MONTREAL - While US President George W. Bush refuses to accept the Kyoto Protocol to cut greenhouse gas emissions, at least 40 million Americans will find themselves bound to the international treaty to curb global warming.

 


Since the protocol took effect last February, Seattle Mayor Greg Nickels has convinced 192 cities to agree to cut emissions 7 percent from 1990 levels by 2012 - the recommended target for the United States, which emits 25 percent of the world's heat-trapping gases.

The cities join an increasing number of states, including California and New York, and leading corporations choosing to follow the Kyoto lead even while their country doesn't.

They can act by using renewable energy and alternative fuels, placing tougher controls on auto emissions or building energy-saving green buildings.

"We reject the idea that is put forward by our national leaders in the United States that we have a choice to save the environment or save the economy," Nickels said on Tuesday on the sidelines of the 189-nation United Nations conference on climate change.

Bush pulled the United States out of Kyoto in 2001, arguing that the mandatory emissions cuts for some 40 industrial nations would hurt US growth and wrongly excluded developing economies like China and India.

And since then his administration has shown no sign of budging on accepting mandatory curbs, to the frustration of European leaders and environmental activists huddling in Montreal.

"Unfortunately, we are experiencing Category 5 denials by the Bush administration," said Jerome Ringo, who chairs the National Wildlife Federation in the United States and uses the term for the strongest hurricane rating.

Ringo said mayors, governors and congressmen are "filling the leadership vacuum left by the Bush administration."


CALIFORNIA LEADERSHIP

Cities, states and Congress are also showing that acting on climate change is a bipartisan effort, not one restricted to the Democrats who largely stand behind the Kyoto protocol.

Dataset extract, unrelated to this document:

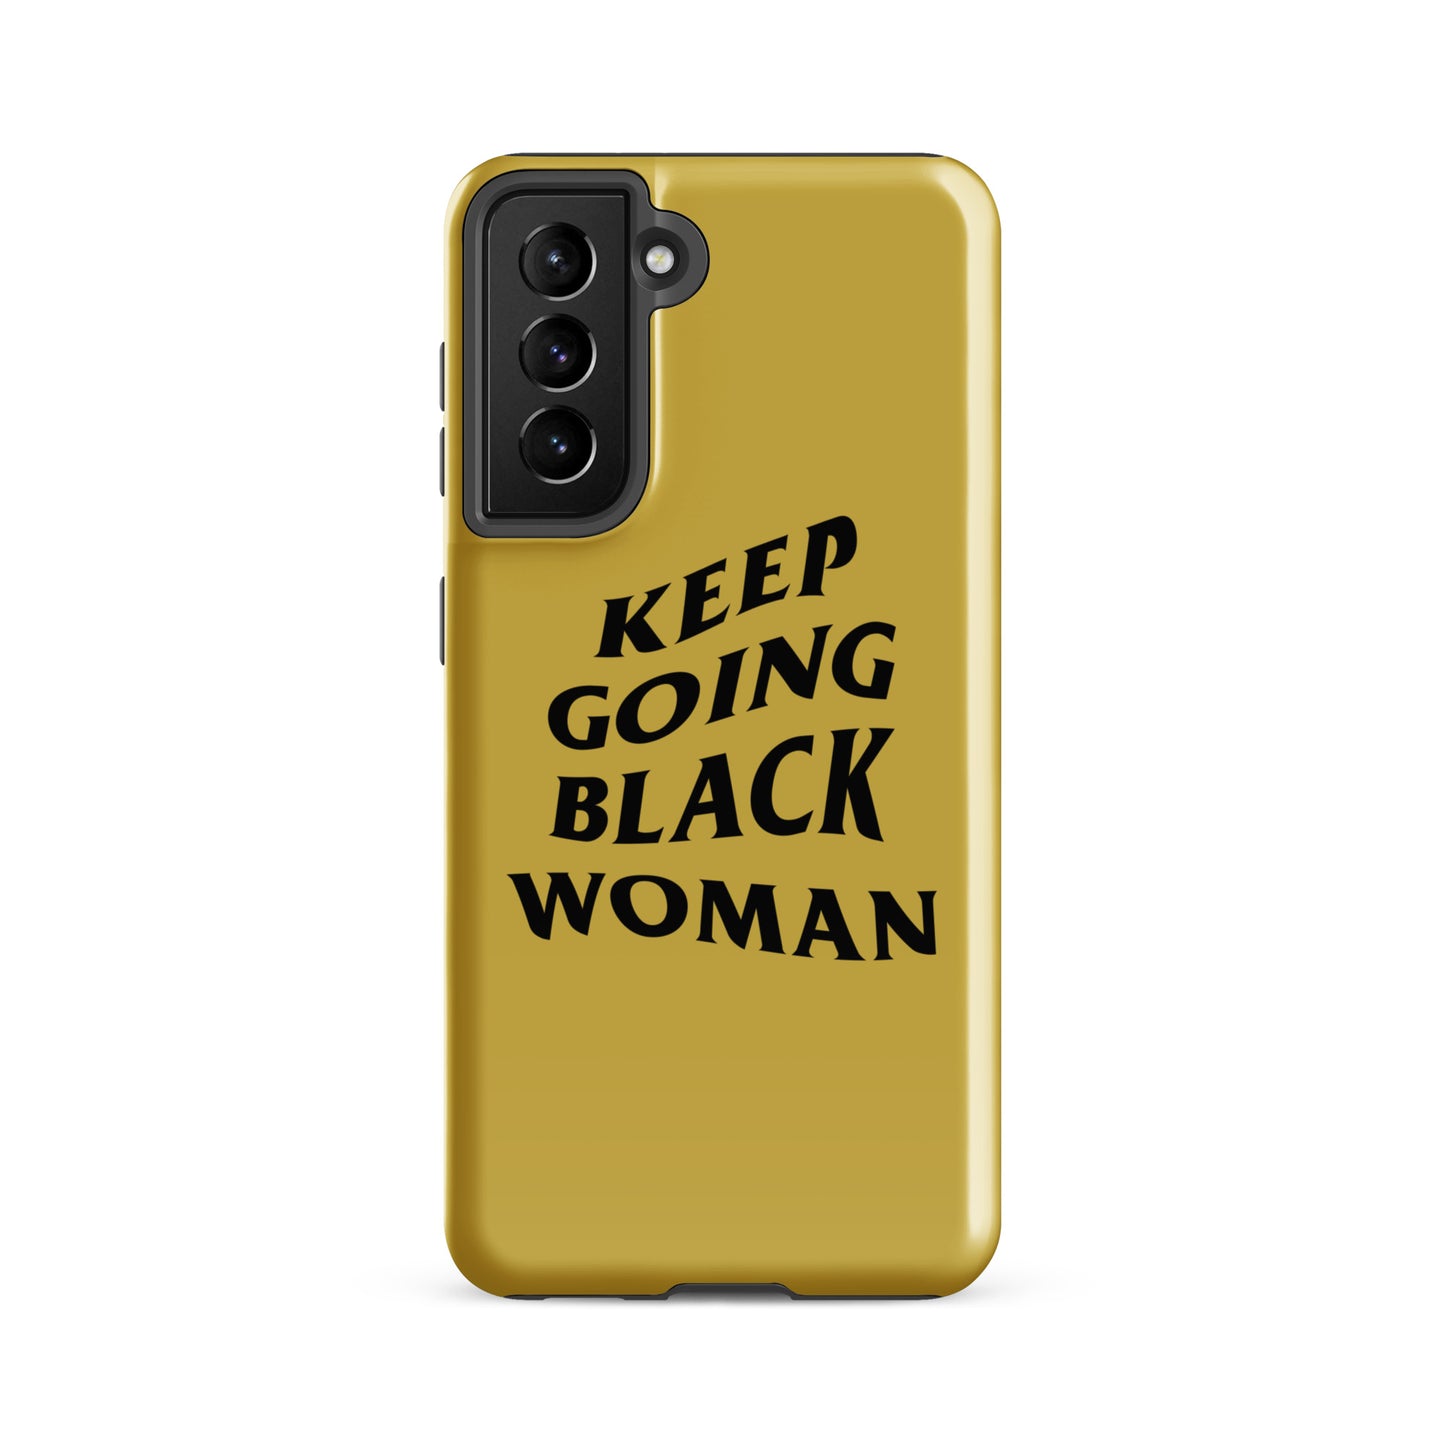 Keep Going Black Woman Tough case for Samsung® (Gold)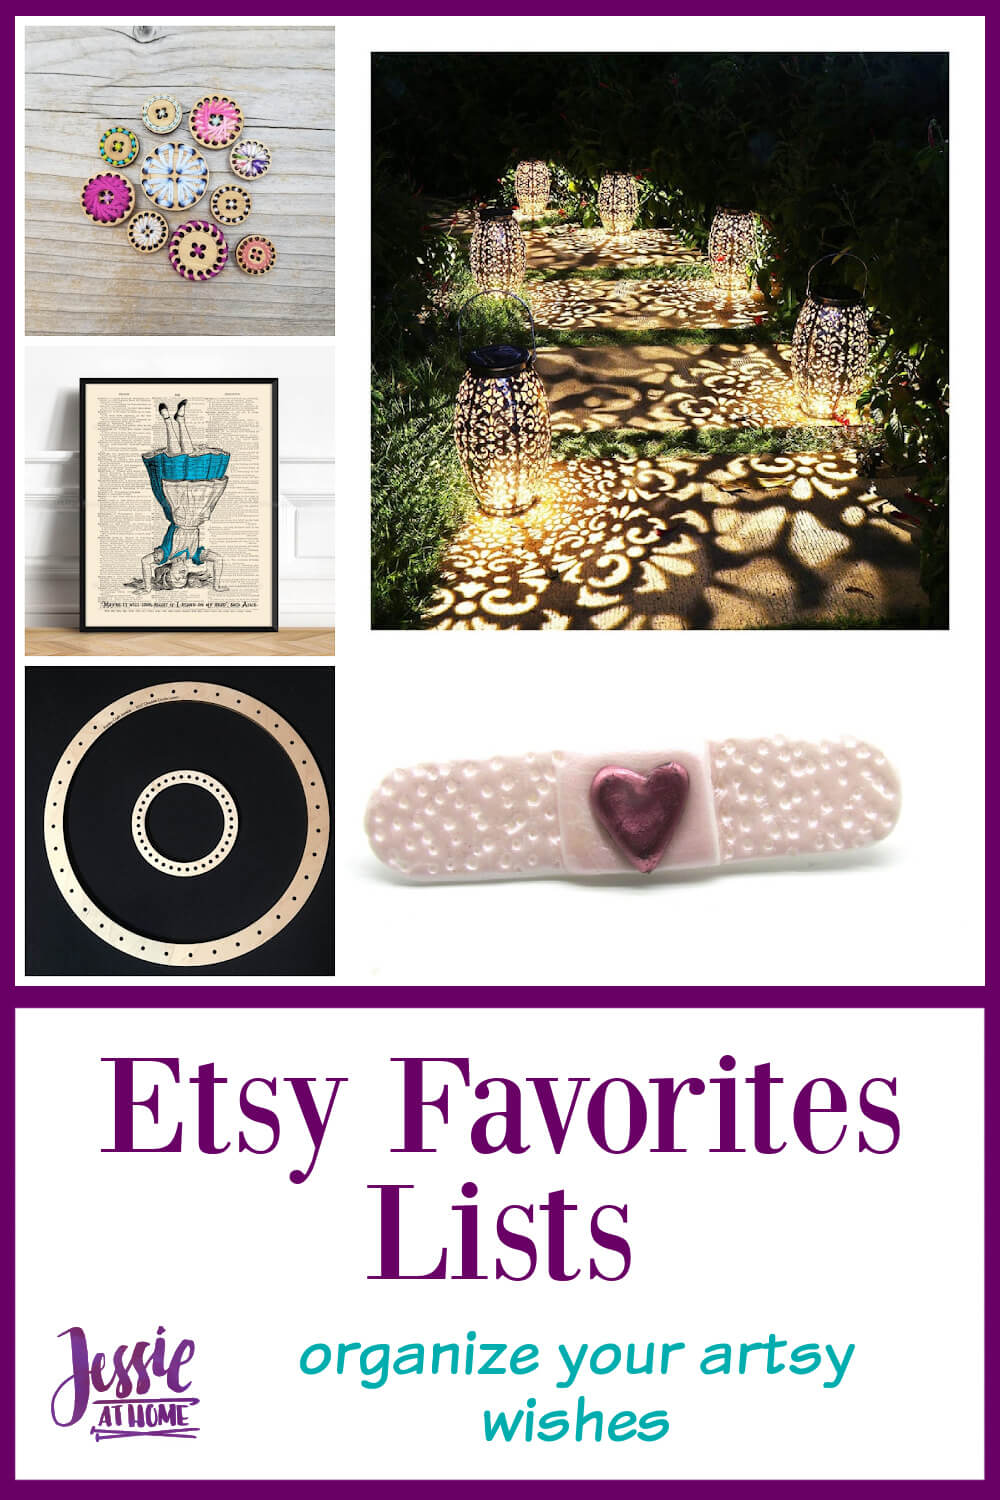 Etsy Favorites Lists - organize your artsy wishes

California's Republican Gov. Arnold Schwarzenegger has won environmentalists' praise at the conference with progress on his ambitious plan to reduce greenhouse gases in the nation's most populous state 80 percent from 1990 levels by 2050.

Per capita carbon dioxide emissions in California are around half of the US average and have fallen 30 percent since 1975, while they have remained constant for the country.

"We are all part of the solution on climate change. The governor recognizes that, while California is only a piece of that, leadership is important and we can play that role," Alan Lloyd, California's secretary for the environment, said.

As nations debate in Montreal how to proceed after 2012, a bipartisan group of 24 US senators wrote a letter to Bush on Monday asking the administration to participate in talks in a "constructive way" and not block discussions on binding emissions.

Mayor Nickels hopes results on the local and state levels will eventually lead the United States back into the Kyoto protocol for post-2012.

"It is inevitable that after the cities and states show it is safe, the politicians in Washington, D.C. will join and again the United States will take its moral responsibility," he said.